▶ _EXERCISE_
Exact copy, no pictures: repeat the data that follows.

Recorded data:
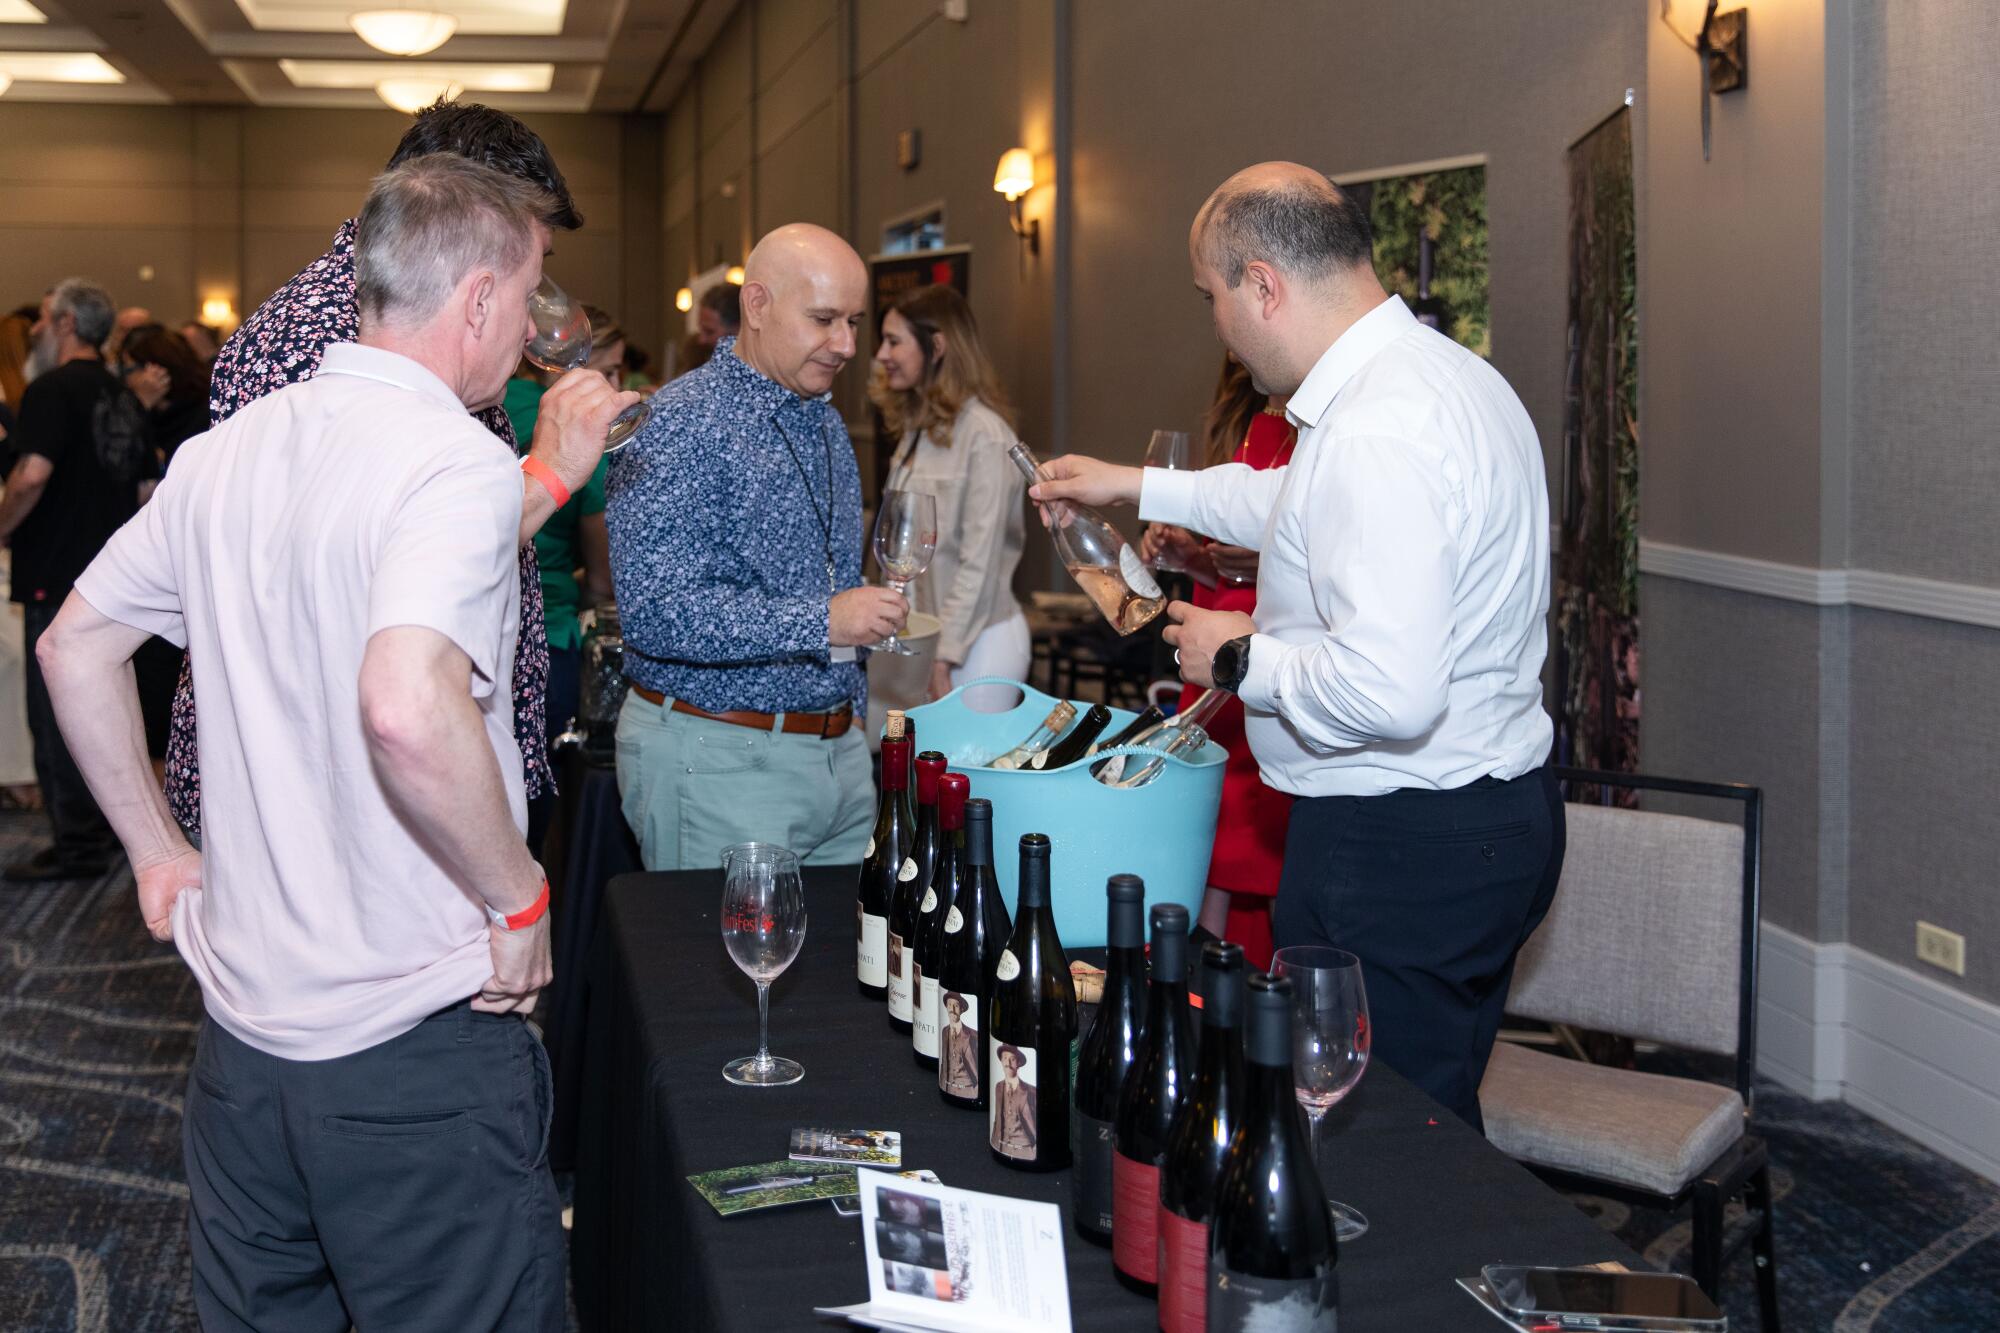 Several men stand examining wine bottles and tasting wine.
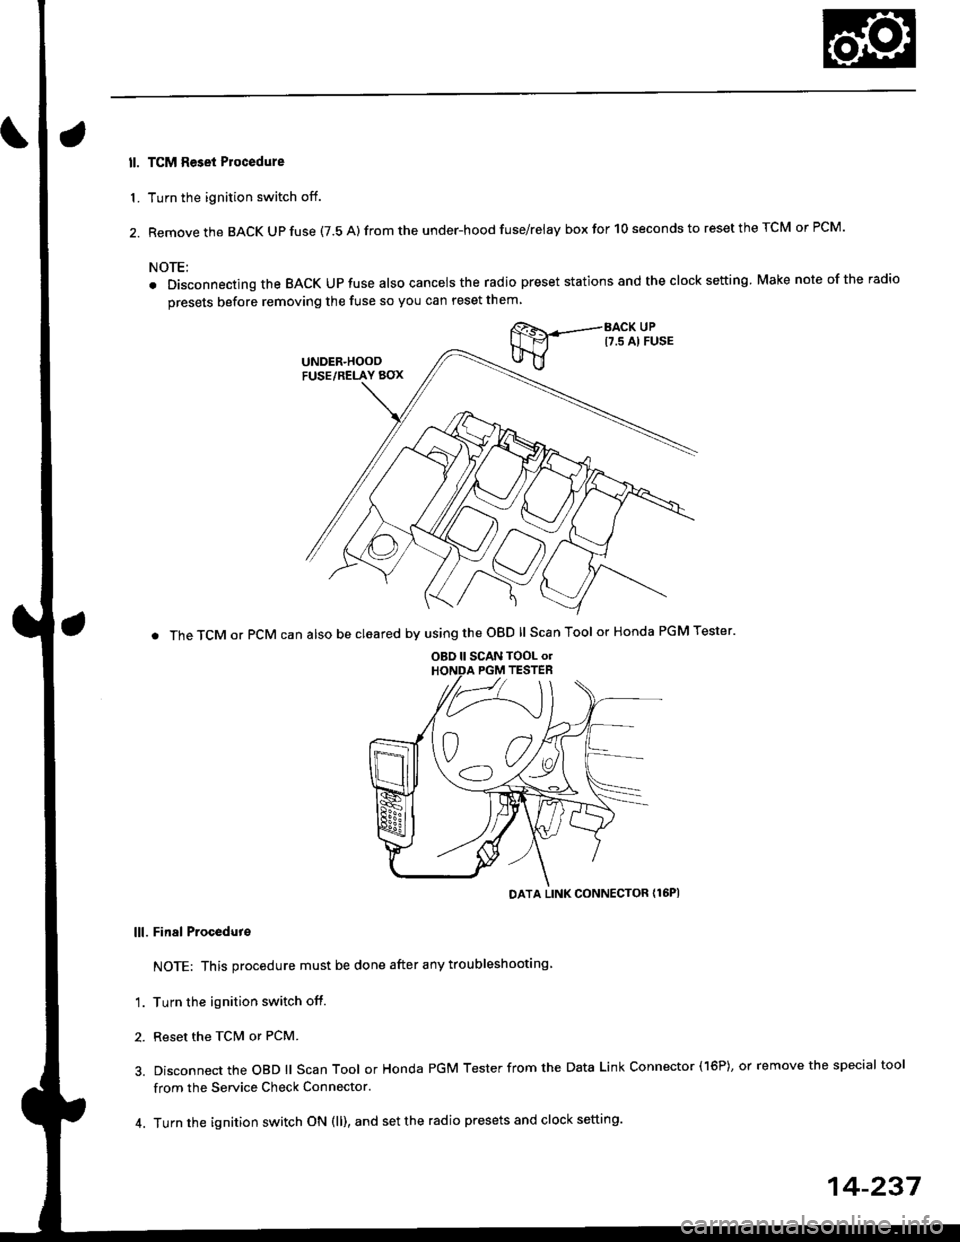 HONDA CIVIC 1996 6.G Owners Manual ll. TCM Reset Plocedure
1. Turn the ignition switch off.
2. Remove the BACK Up fuse (7.5 A) from the under-hood fuse/relay box for 10 seconds to reset the TCM or PCM.
NOTE:
. Disconnecting the BACK UP
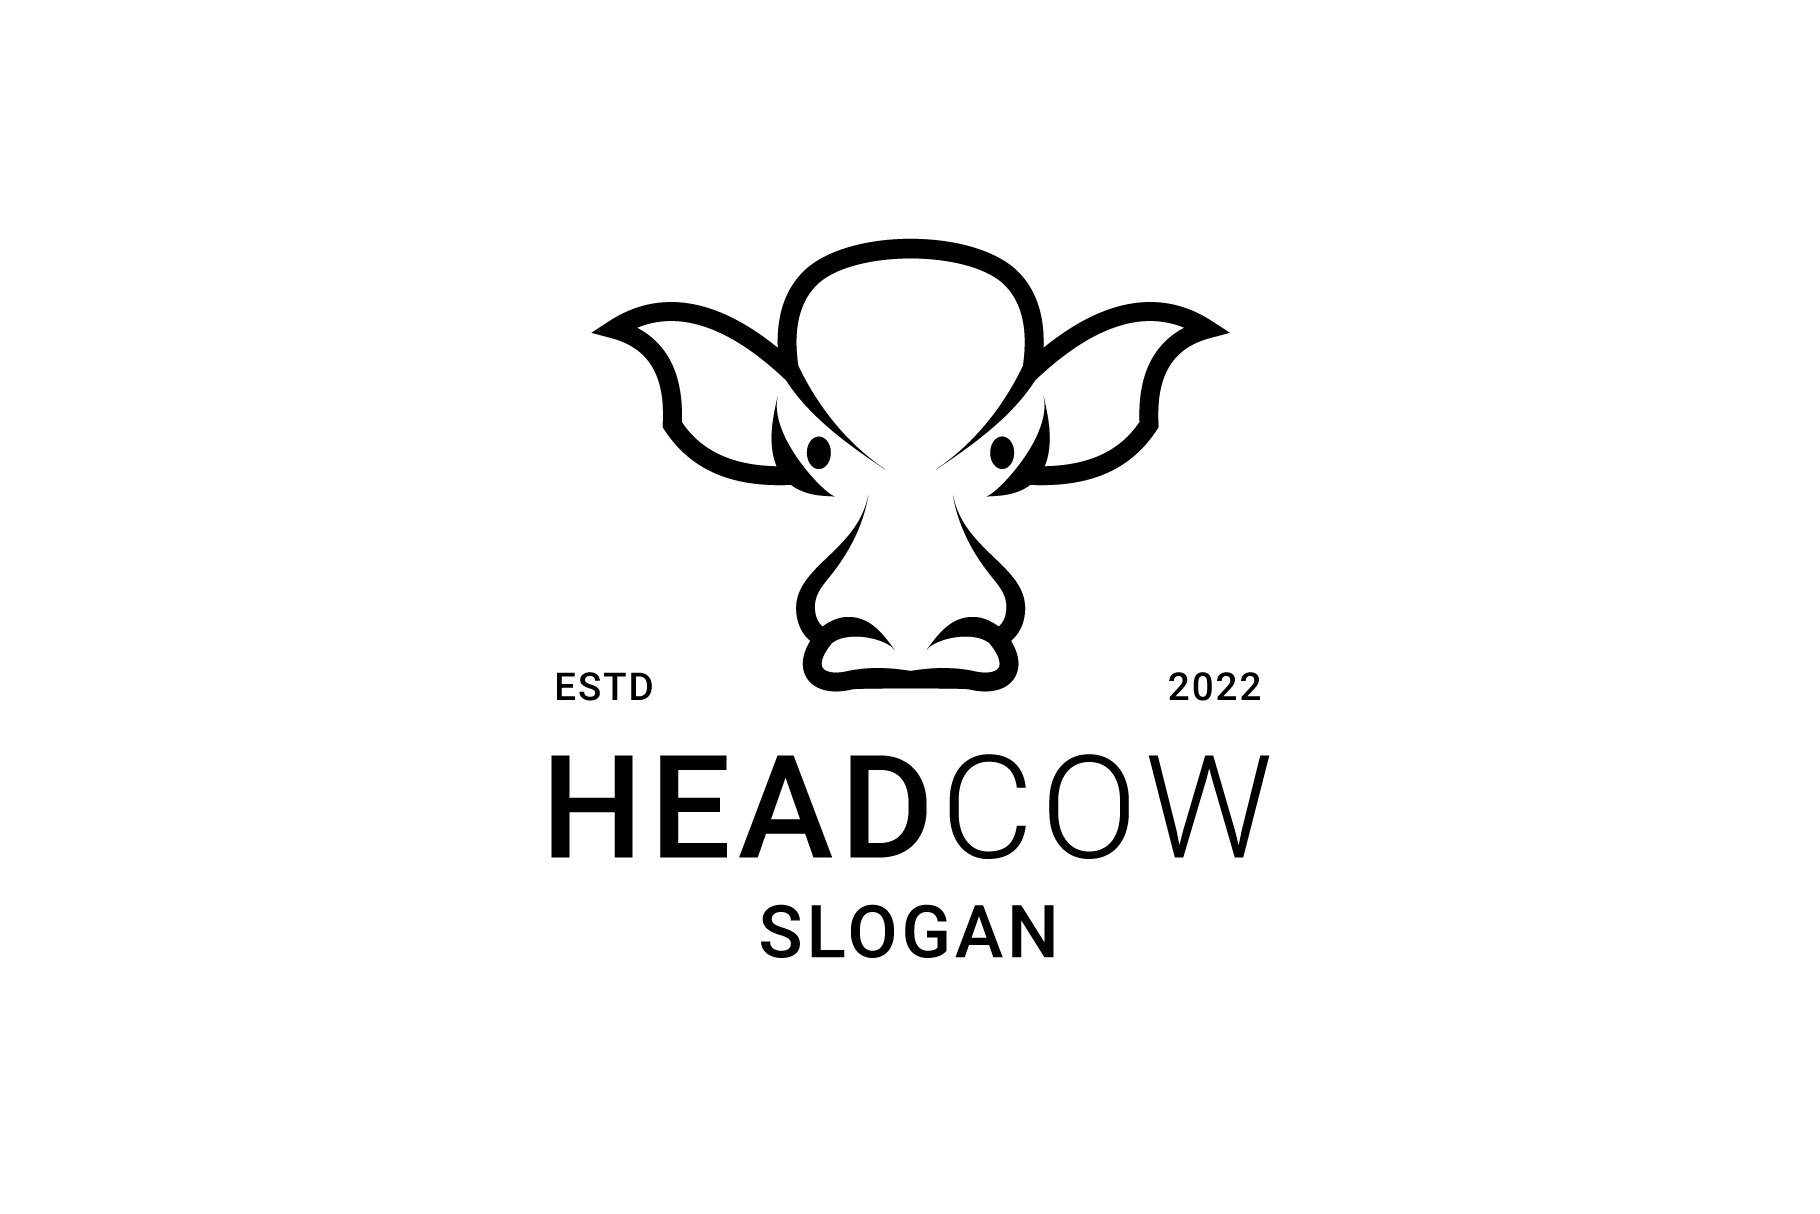 Minimalistic design of the angry cow for the logo.

▶ _EXERCISE RESULT_
 Several men stand examining wine bottles and tasting wine.
 HONDA CIVIC 1996 6.G Owners Manual ll. TCM Reset Plocedure
1. Turn the ignition switch off.
2. Remove the BACK Up fuse (7.5 A) from the under-hood fuse/relay box for 10 seconds to reset the TCM or PCM.
NOTE:
. Disconnecting the BACK UP
 Minimalistic design of the angry cow for the logo.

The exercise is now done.